HTTP is the perfect stress test for that design.
Why?
Because HTTP mixes:
- async boundaries (
fetch) - cancellation (
AbortController) - structured resource lifetimes
- user‑facing ergonomics (DX)
- and a lot of accidental complexity
In this post we’ll build brass-http, a small ZIO‑inspired HTTP layer on top of brass-runtime, and explain:
- how wire‑level effects stay pure
- how content decoding is layered
- how DX helpers are built without leaking semantics
- what’s coming next
Design goals
Before writing code, we locked in a few constraints:
No Promises in semantics
HTTP must be modeled asAsync<R, E, A>, notPromise<A>.-
Separation of concerns
- Wire protocol (status, headers, bytes)
- Content decoding (text, json)
- Metadata (timings, proxy info, TLS, etc.)
ZIO‑style middleware
Everything should be composable:
withMeta
withLogging
withRetry
withTracing
- Lazy + interruptible No request starts until the fiber runs. Interrupting a fiber aborts the HTTP request.
The core abstraction: Request → Async
At the lowest level, HttpClient is just a function:
type HttpClient = (req: HttpRequest) =>
Async<unknown, HttpError, HttpWireResponse>
No helpers. No JSON. No DX.
This mirrors ZIO exactly:
services are functions, not objects
HttpWireResponse
type HttpWireResponse = {
status: number
statusText: string
headers: Record<string, string>
bodyText: string
ms: number
}
This is the wire layer.
Nothing here assumes JSON, text, or domain models.
Abortable fetch (the right way)
The runtime already provides fromPromiseAbortable, so HTTP integrates cleanly:
fromPromiseAbortable(signal =>
fetch(url, { signal })
)
Interrupt the fiber → AbortController fires → fetch cancels.
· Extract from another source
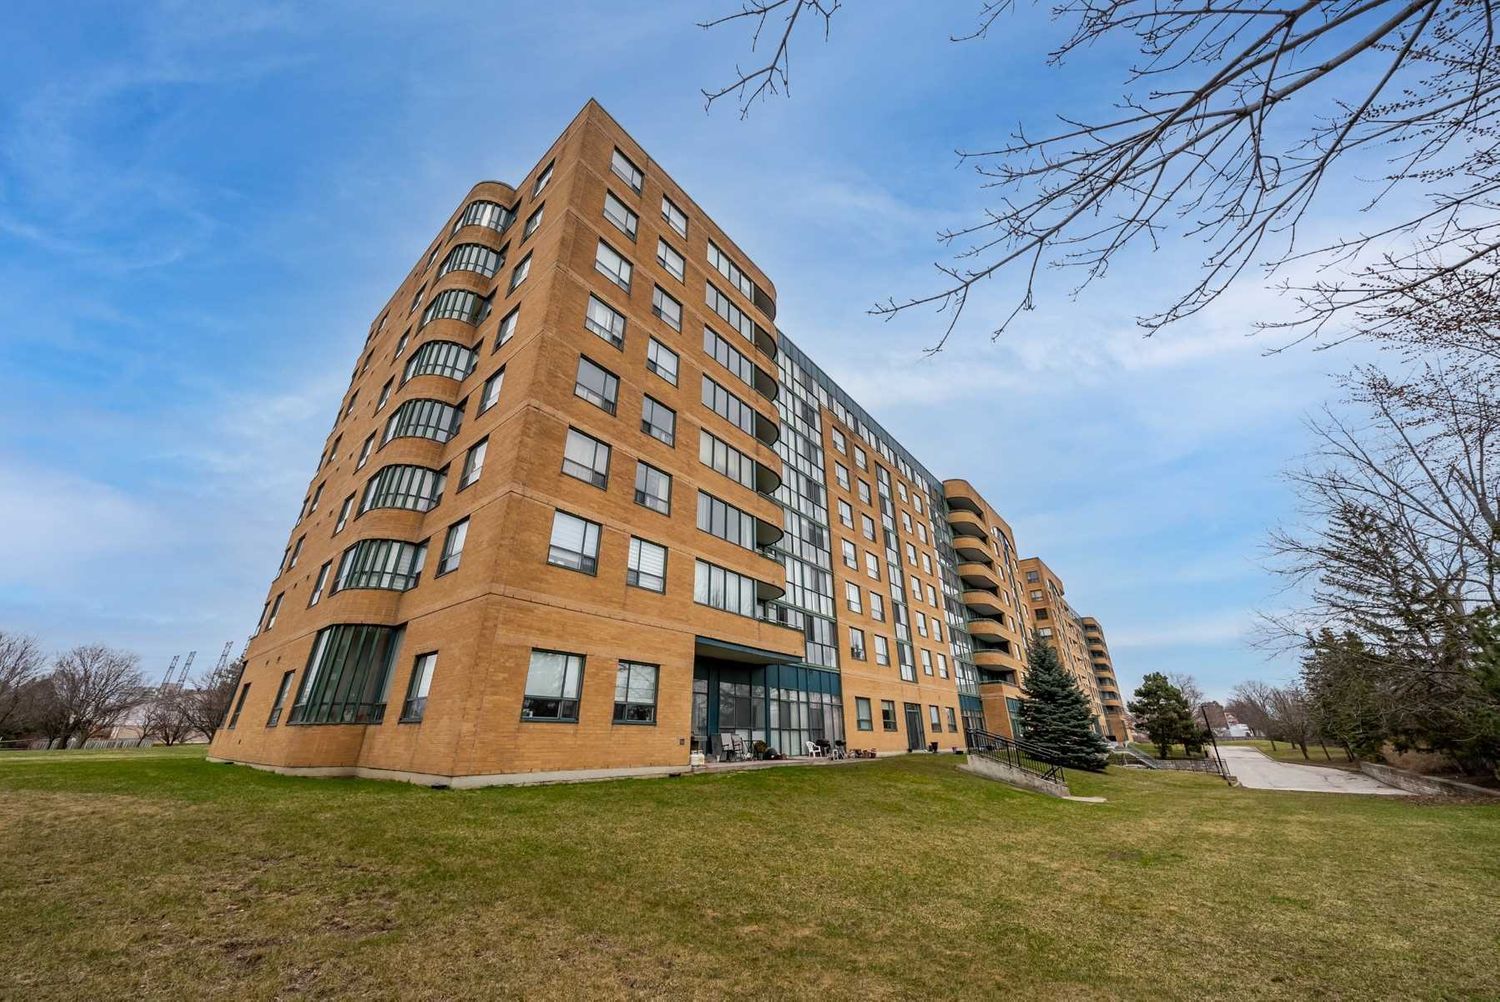 1655 Pickering Parkway. Emerald Point Condos is located in  Pickering, Toronto - image #1 of 2

No leaks. No races. Deterministic.
Layering content: decoding is not transport
Instead of baking JSON into the client, decoding is layered on top:
type HttpResponse<A> = {
status: number
headers: Record<string, string>
body: A
}
Helpers like:
getText(): Async<_, HttpError, HttpResponse<string>>
getJson<A>(): Async<_, HttpError, HttpResponse<A>>
are implemented as pure mappings over the wire response.
This means:
- JSON parsing errors are normal effect failures
- you can swap decoders freely
- the wire client stays reusable
Metadata as middleware (not pollution)
Originally, responses carried metadata inline:
meta: { statusText, ms }
This was a mistake.
Instead, metadata is a middleware:
withMeta(client)
This mirrors ZIO:
- environments add capabilities
- middleware enriches effects
- the core stays minimal
Want tracing headers? TLS info? Proxy hops?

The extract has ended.